Gradient Descent Construction
Contents
Gradient Descent Construction#
# %pip install -q --progress-bar off d2l==1.0.0a1.post0 # replace ! with % for jupyter notebook
Ref: https://d2l.ai/chapter_optimization/gd.html
import copy
from abc import ABC, abstractmethod
from typing import Any, Callable, List, Optional, Tuple, TypeVar, Union
import autograd.numpy as np # import numpy as np
import torch
from autograd import grad
from d2l import torch as d2l
---------------------------------------------------------------------------
ModuleNotFoundError Traceback (most recent call last)
Cell In[2], line 8
6 import torch
7 from autograd import grad
----> 8 from d2l import torch as d2l
ModuleNotFoundError: No module named 'd2l'
T = TypeVar("T", bound=Union[float, np.ndarray, torch.Tensor])
class Function:
def __init__(self, f: Callable) -> None:
self._f = f
def __call__(self, x: T, *args: Any, **kwargs: Any) -> T:
# a function returns a scalar float
fx = self._f(*args, **kwargs)
return fx
class GradFunction:
def __init__(self, grad_f: Callable) -> None:
self._grad_f = grad_f
def __call__(self, x: T, *args: Any, **kwargs: Any) -> T:
# grad fn/vector returns an array of vector
grad_fx = self._grad_f(*args, **kwargs)
return grad_fx
Base#
# pylint: disable=invalid-name, redefined-outer-name, too-few-public-methods
class Optimizer(ABC):
"""Abstract class for optimizers.
Currently, you need to define the f and grad_f functions in the constructor.
"""
def __init__(self, f: Callable, grad_f: Callable, lr: float, **kwargs: Any) -> None:
self.f = f
self.grad_f = grad_f
self.lr = lr
self.kwargs = kwargs
@abstractmethod
def step(
self,
weights: T,
biases: Optional[T] = None,
) -> None:
"""Update the weights and biases.
Args:
weights (np.ndarray): The weights to update.

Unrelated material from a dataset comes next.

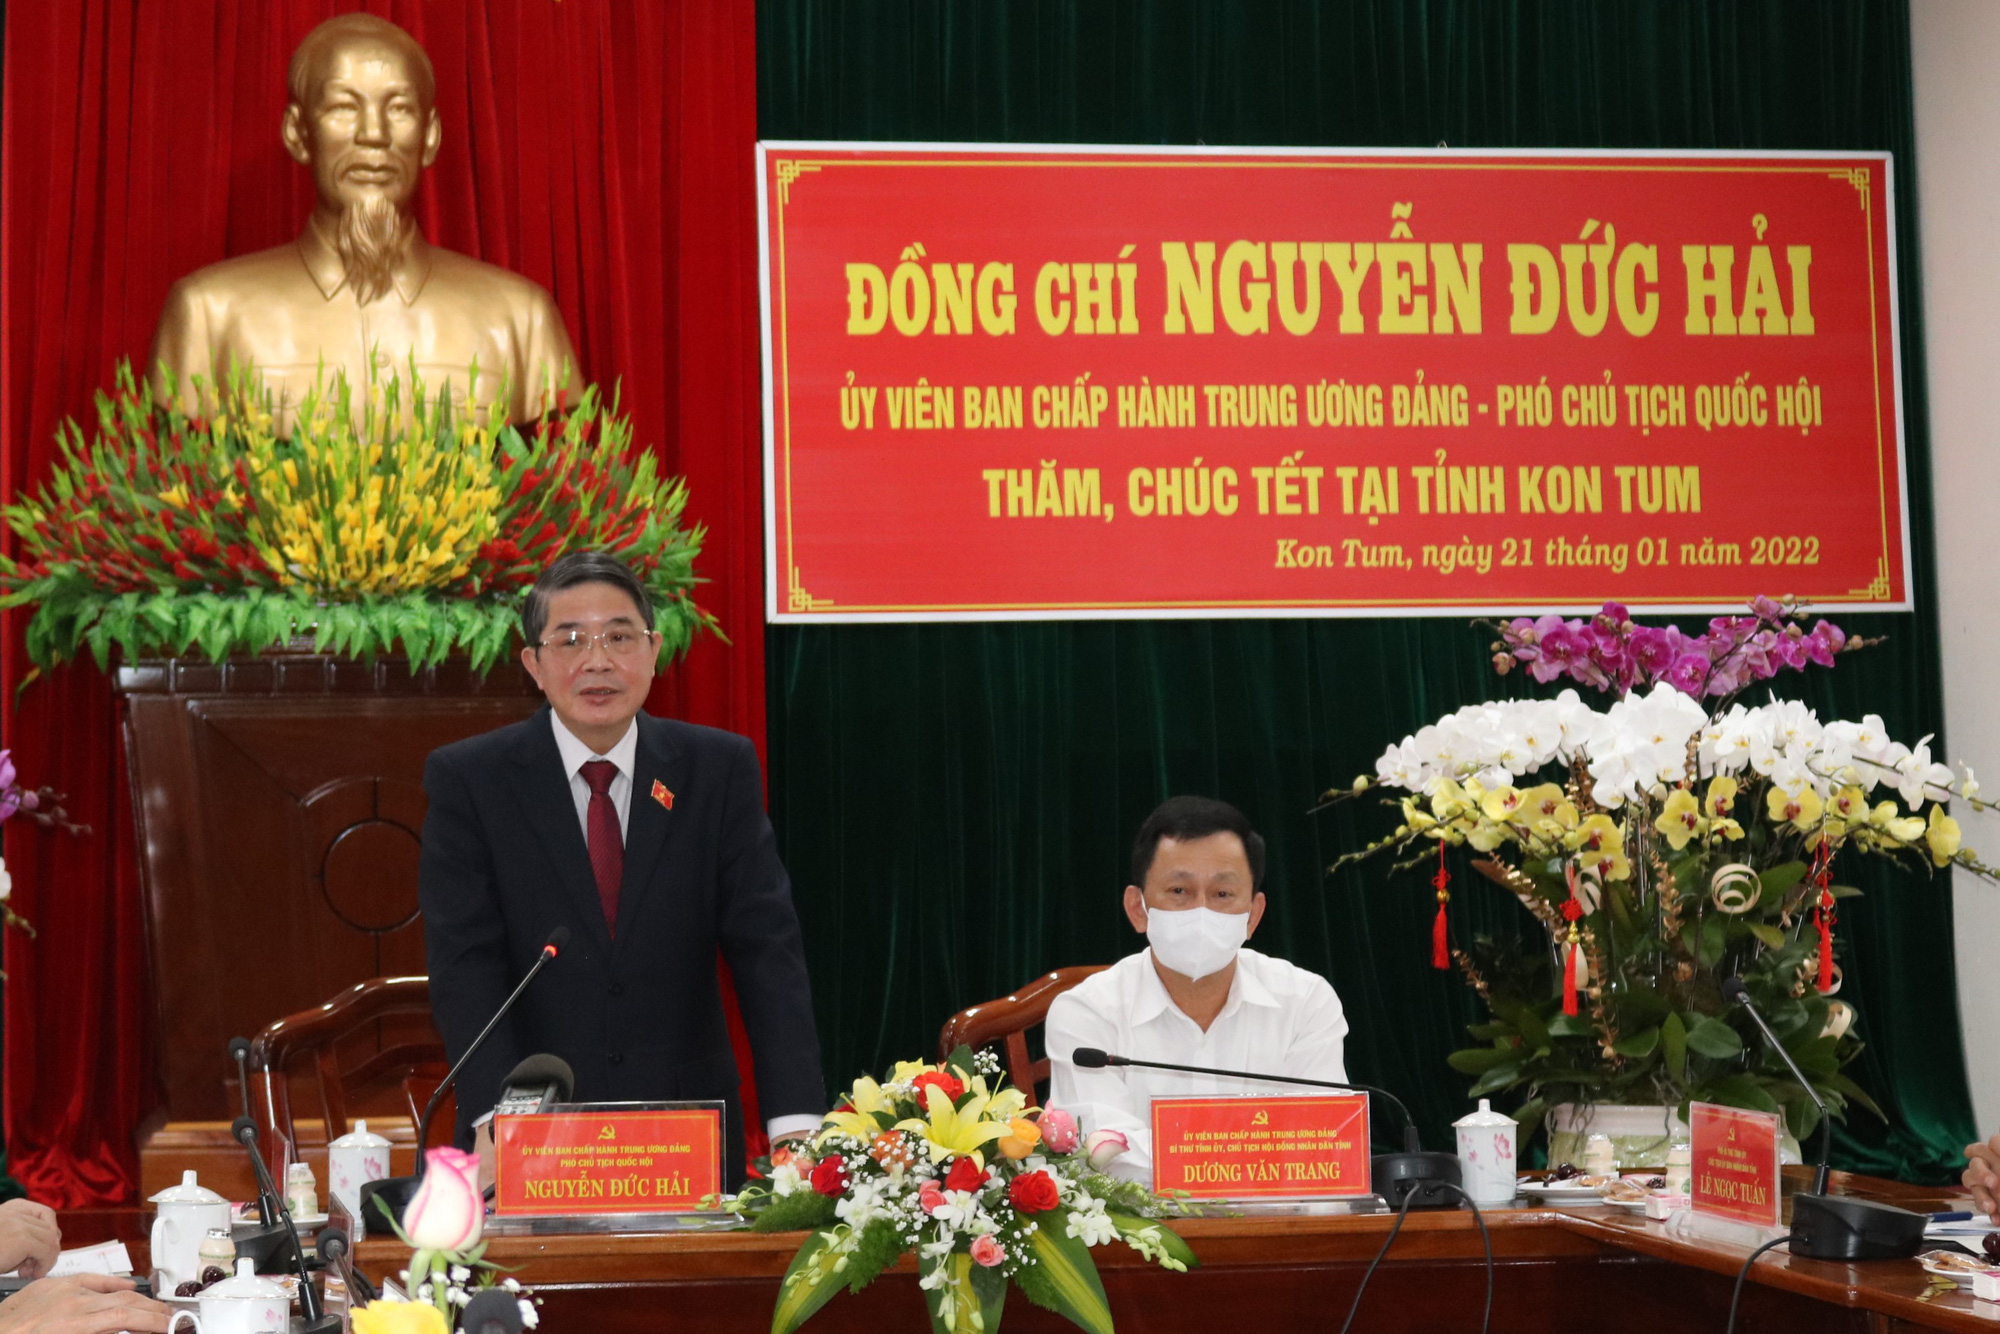 Phó Chủ tịch Quốc hội thăm, chúc Tết tại tỉnh Kon Tum

biases (np.ndarray): The biases to update.
Raises:
NotImplementedError:
"""
raise NotImplementedError
Gradient Descent#
class GradientDescent(Optimizer):
"""Gradient descent optimizer."""
weights_history: List[T]
def __init__(self, f: Callable, grad_f: Callable, lr: float, **kwargs: Any) -> None:
super().__init__(f, grad_f, lr, **kwargs)
self.weights_history = []
def step(
self,
weights: T,
biases: Optional[T] = None,
) -> Tuple[T, T, List[T]]:
# grad vec at each point
gradient_vector = self.grad_f(weights)
weights -= self.lr * gradient_vector
if biases is not None:
raise NotImplementedError("Biases are not implemented yet.")
print(f"weights {weights}, biases {biases}")

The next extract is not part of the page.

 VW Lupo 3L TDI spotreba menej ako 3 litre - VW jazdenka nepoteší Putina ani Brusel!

# must use copy if not weights (np array) mutatable:
# https://tinyurl.com/bdff69by
self.weights_history.append(copy.copy(weights))
return weights, biases, self.weights_history
def f(w: T) -> T: # Objective function
"""f(w) = w^2"""
return w**2
def grad_f(w: T) -> T: # Gradient (derivative) of the objective function
"""f'(w) = 2w"""
return 2 * w
batch_gd = GradientDescent(f=f, grad_f=grad_f, lr=0.2)
initial_weight = 10
initial_bias = None # we ignore bias for simplicity
num_epochs = 10
for epoch in range(num_epochs):
initial_weight, initial_bias, weights_history = batch_gd.step(
initial_weight, initial_bias
)
weights 6.0, biases None
weights 3.5999999999999996, biases None
weights 2.1599999999999997, biases None
weights 1.2959999999999998, biases None
weights 0.7775999999999998, biases None
weights 0.46655999999999986, biases None
weights 0.2799359999999999, biases None
weights 0.16796159999999993, biases None
weights 0.10077695999999996, biases None
weights 0.06046617599999997, biases None
def show_trace(f: Callable, results: List[T]) -> None:
"""Show the trace of variables during optimization."""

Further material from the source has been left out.